Room B is room S02 at the FME building (Faculty of Mathematics and Statistics). The address is: C. Pau Gargallo 14 08028 Barcelona https://goo.gl/maps/QDEwQGp995qWGftC9

Presentations

Who are you talking to? Considerations on Designing Gender Ambiguous Voice User Interfaces

Matheus Tymburiba Elian1, Soh Masuko2, Toshimasa Yamanaka1

1University of Tsukuba; 2Rakuten Institute of Technology

With the widespread availability of Voice Assistants in smart devices, the usage of Voice User Interfaces has highly increased in the recent years. Although the anthropomorphized Voice Assistants present in these systems can aid users in many tasks, it also activates harmful gender bias and stereotypes. Since the usage of Gender Ambiguous voice agents in these interfaces is considered as solution for mitigating these gender effects, this paper analyzed different studies in the field of Voice User Interface design, while proposing a theoretical framework to design gender ambiguous voice agents, considering the type of recording, method of sound manipulation, method of evaluation for gender identification and contextual characteristics.



Visualization of Affective Information in Music Using Chironomie

Kana Tatsumi, Shinji Sako

Graduate School of Engineering, Nagoya Institute of Technology, Japan

The purpose of this study is to visualize affective information that cannot be conveyed by symbolic notation alone, to enhance the musical experience of the hearing impaired. To represent the rhythm of music effectively and uniquely, we focused on Chironomie, which represents the structure of rhythm with emotional impression. In general, Chironomie is drawn by a curve corresponding to the score, which is determined by whether a short segment of the score represents one of two classes, Arsis or Thesis. First, we utilized the machine learning technique to classify Arsis and Thesis from the score as input. We conducted experiments to confirm the accuracy of the classification, and the usefulness of the estimated Chironomie in conveying the rhythm of music. In the latter experiment, four types of stimuli combining visual and sound information were used to confirm the effects of Chironome: score only, Chironomie only, score and Chironomie, and score and sound. Results showed that Chironomie has certain usefulness in conveying the rhythmic structure of a piece of music. This paper mainly focuses on evaluation experiments and discusses experimental and analytical methods under these experimental conditions.



Modelling Emotional Valence and Arousal of Non-Linguistic Utterances for Sound Design Support

Ahmed Khota, Eric Cooper, Yu Yan, Mate Kovacs

RItsumeikan University, Japan

Non-Linguistic Utterances (NLUs), produced for popular media, computers, robots, and public spaces, can quickly and wordlessly convey the emotional characteristics of a message. They have been studied in terms of their ability to convey affect in Robot communication.
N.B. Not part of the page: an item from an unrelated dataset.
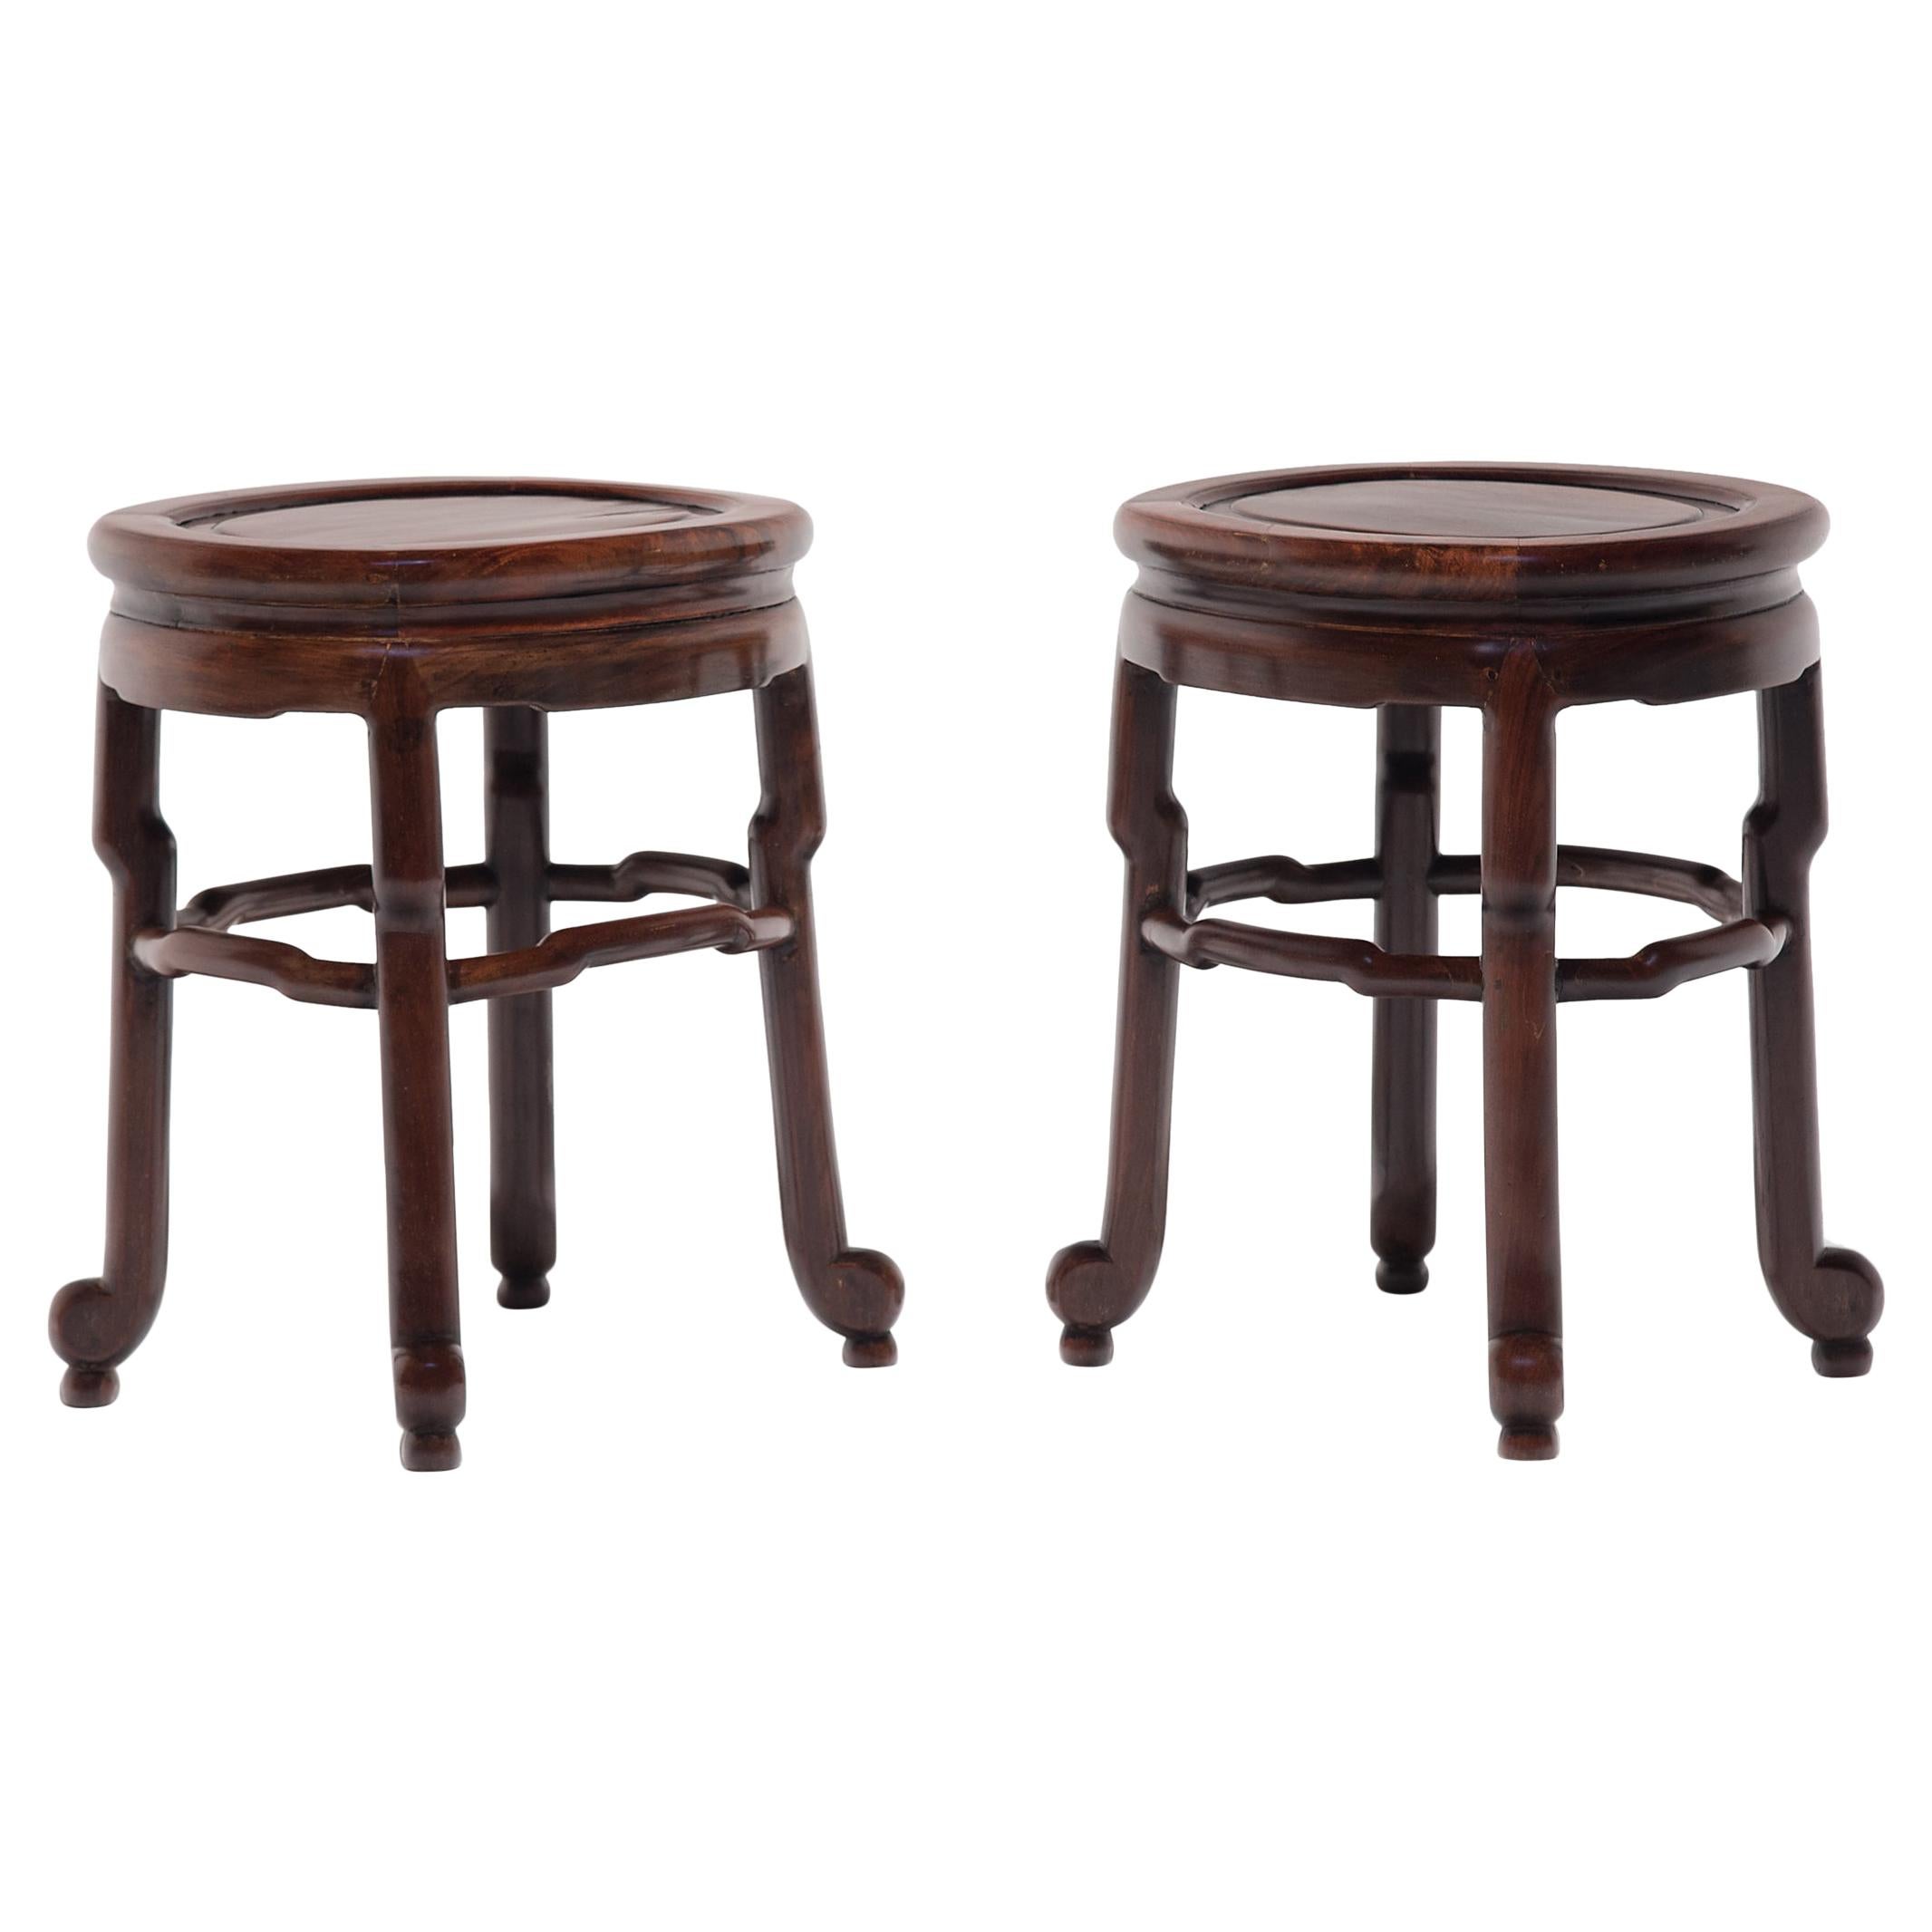 Pair of Chinese Art Deco Oval Stools, c. 1900

The objective of this research is to develop a model that correctly infers the emotional Valence and Arousal of an NLU. On a Likert scale, 17 subjects evaluated the relative Valence and Arousal of 560 sounds collected from popular movies, TV shows, and video games, including NLUs and other character utterances. Three audio feature sets were used to extract features including spectral energy, spectral spread, zero-crossing rate (ZCR), Mel Frequency Cepstral Coefficients (MFCCs), and audio chroma, as well as Pitch, Jitter, Formant, Shimmer, Loudness, and Harmonics-to-Noise Ratio, among others. After feature reduction by Factor Analysis, the best-performing models inferred average Valence with a Mean Absolute Error (MAE) of 0.107 and Arousal with MAE of 0.097 on audio samples removed from the training stages. This means that the model was able to predict the Valence and Arousal of a given NLU to less than the difference between successive rating points on the 7-point Likert scale (0.14). This inference system is applicable to the development of novel NLUs to augment robot-human communication or to the design of sounds for other systems, machines, and settings.